Todos são bem acolhidos em sala de aula por Merlí e também pela escola, que mesmo seguindo um padrão mais tradicional, lida muito bem com os diferentes tipos de alunos, tornando-se cada vez mais aberta ao diálogo e à compreensão, muito pela influência do professor fora do padrão.
Lugar de aula não é só a sala
Num dos primeiros episódios da série, o professor leva seus alunos para a cozinha da escola, e em seguida, ao jardim, para falar-lhes da escola de filosofia peripatética. Tendo à frente Aristóteteles, os peripatéticos eram conhecidos na antiga Grécia por travar suas discussões caminhando, sempre em diferentes lugares.
A ideia de Merlí era mostrar como cada linha e cada filósofo pensava e atuava, e isso incluía colocar em prática o que cada uma delas ensinava, não apenas entre as quatro paredes da sala. Parques, praças, centros culturais e excursões à montanha são alguns dos cenários dos ensinamentos do professor.
Ensinar é transgredir
Ao chegar à escola, Merlí causa espanto nos outros professores mais “certinhos”: faz piadas na sala de professores, flerta com colegas professoras, discute abertamente com o diretor, discorda da forma com que são feitos os planejamentos e, ainda, se nega a avaliar seus alunos por meio de provas.
Com o passar do período letivo, o professor rebelde vai mudando junto com a escola, o que chega a um equilíbrio interessante. Merlí passa a seguir algumas das regras, aquelas que vêm não apenas da escola, mas da “secretaria de educação” da cidade, assim como os diretores e os coordenadores permitem que ele trabalhe da forma que prefere, desde que não deixe de cumprir com as obrigações burocráticas, que também fazem parte da vida docente.
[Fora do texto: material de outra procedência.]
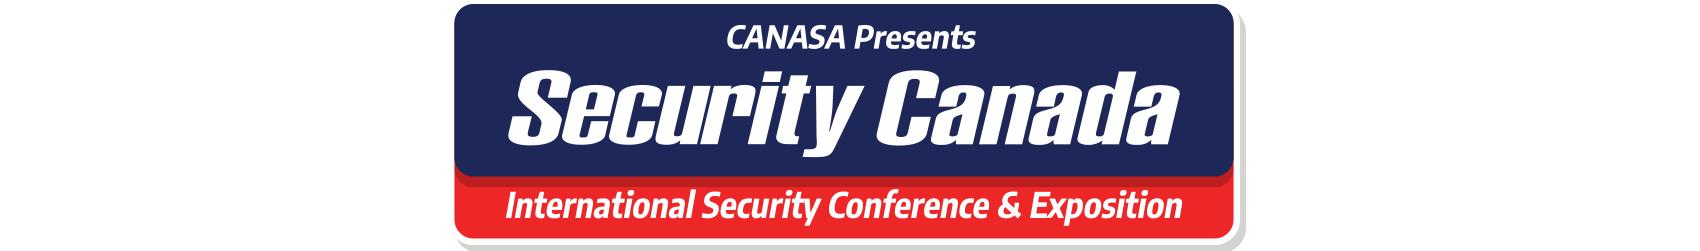 Canadian Security logo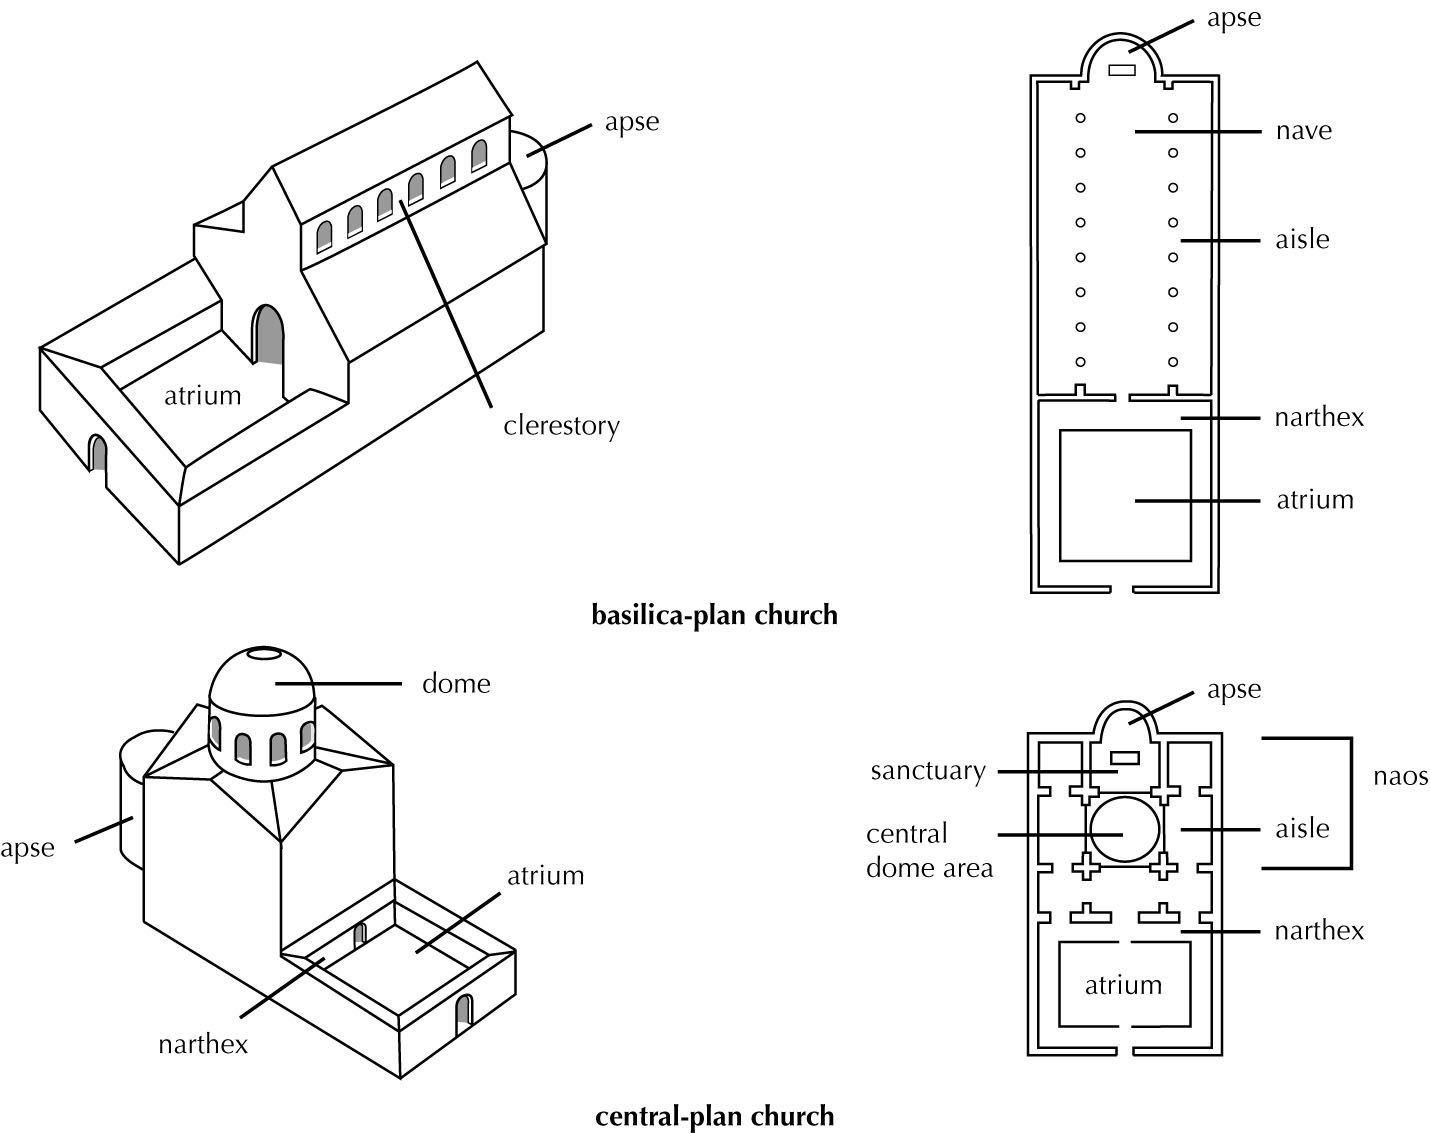 medium resolution of basilica church plan

Outro ponto em que Merlí destoa de seus colegas é como participa da vida dos alunos, ajudando-os e apoiando em seus conflitos, escutando-os em suas queixas, colocand0-se sempre à disposição e dando broncas necessárias. Cria um laço dos mais fortes com sua turma, destes que jamais se desfará, aconteça o que acontecer.
A dor docente é real
A série também mostra as dificuldades dos professores: no caso de Merlí, as preocupações econômicas (ele e Bruno moram com sua mãe, uma famosa atriz catalã, porque seu salário não é suficiente para pagar o aluguel de um apartamento próprio); os conflitos emocionais (ele tem um relacionamento amoroso tumultuado, com a mãe de um de seus alunos) e as crises existenciais (o docente é suspenso por mau comportamento várias vezes e questiona seu jeito de ensinar em alguns momentos).
Paralelo aos questionamentos do professor principal há os de seus colegas, como Mireia, que leciona latim e tem problemas tanto em engajar seus alunos em seus conteúdos como em sua vida pessoal, vivendo um casamento falido e não tendo tempo suficiente para estar com seus filhos. Ela acaba se aproximando de Eugeni, o diretor, com quem acaba namorando depois de separar-se.
A série plasma na tela, de forma ora doce, ora forte e sempre muito sensível a vida de uma escola democrática e as aulas de um professor antenado com o futuro. Ainda que não utilize tecnologia em sala de aula, Merlí conhece a fundo as engrenagens do ser humano, o que sem dúvida é uma das competências mais importantes que os docentes dos dias de hoje devem desenvolver.